At 14:54 UTC, we disabled and reenabled managed security on the SSL certificate, which force regenerated a certificate. A few minutes later, we started seeing requests succeeding again.

Detailed timeline

  • 10:08 UTC – SSL certificate for go.opentelemetry.io expired
  • 10:35 UTC – First notification from users about the issue
  • 11:31 UTC – Created public issue tracking this incident
  • 12:03 UTC – Got access to the Google Cloud Console for the golang-imports project
  • 12:14 UTC – Identified the CAA record was missing the “pki.goog” issuer
  • 12:16 UTC – Deployed a new CAA record with the correct set of issuers
  • 13:58 UTC – Confirmed the CAA record had propagated but the SSL certificate had not been renewed
  • 14:54 UTC – Disabled and enabled managed security on the SSL certificate
  • 15:16 UTC – Confirmed a new SSL certificate had been issued for go.opentelemetry.io

Lessons learned

As we discovered this incident, we had several people jump in and try to figure out what was happening. For an Open Source project where people are scattered across the globe, this was a positive thing to notice.

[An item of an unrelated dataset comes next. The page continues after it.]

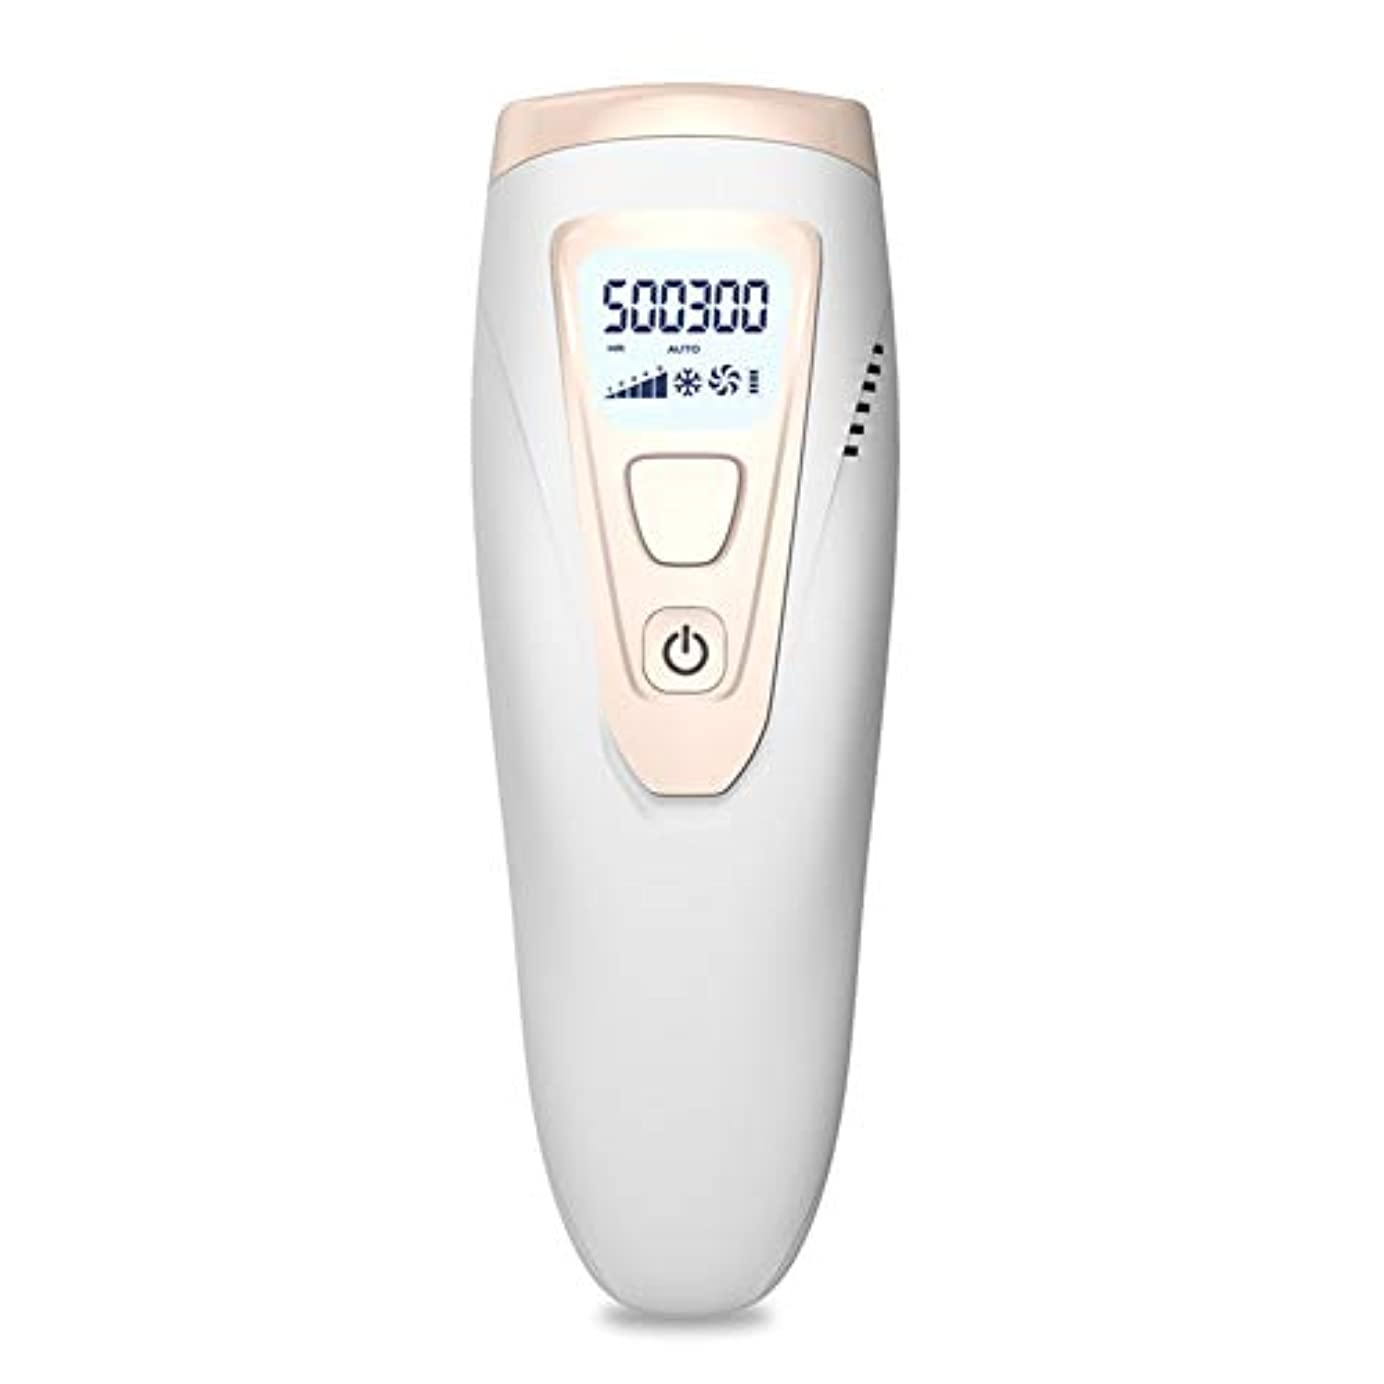 パターンリクルートネズミアイスクールIPLレーザー脱毛システム50万回のフラッシュ無痛常設パルス光脱毛器デバイス、にとってボディフェイス脇の下ビキニライン
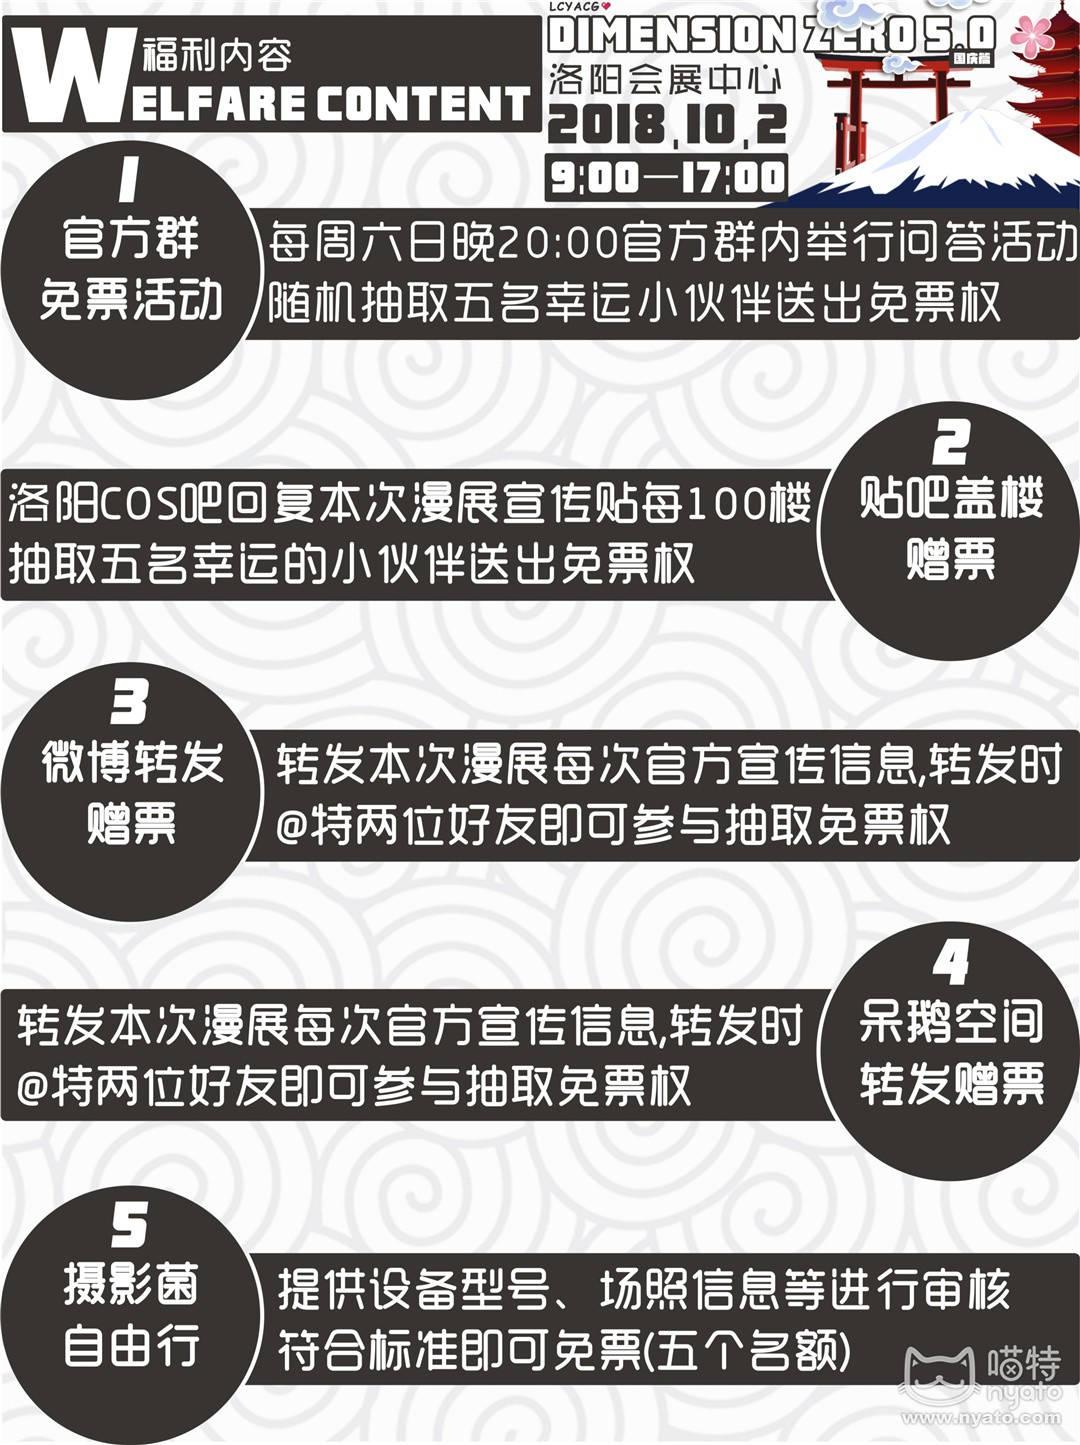 6福利内容.jpg

We are lacking knowledge of the platform this application runs on, which caused this incident to last much longer than it needed to. However, we were glad that a little over a year ago, we changed the Google account this app runs on, as we previously wouldn’t even have been able to fix this issue ourselves.

Action items

We have started improving our playbooks to access the AppEngine console, so we can get access more quickly.

We need to ensure this application is not a snowflake anymore, so we can operate it the same way we operate every other public website OpenTelemetry maintains. We are therefore going to look into moving away from the AppEngine platform and into Netlify, the platform that runs the opentelemetry.io website.

We also identified with the help of a user a number of unused subdomains of opentelemetry.io that are serving an expired certificate. While these have no impact for our users, we are going to look into removing them.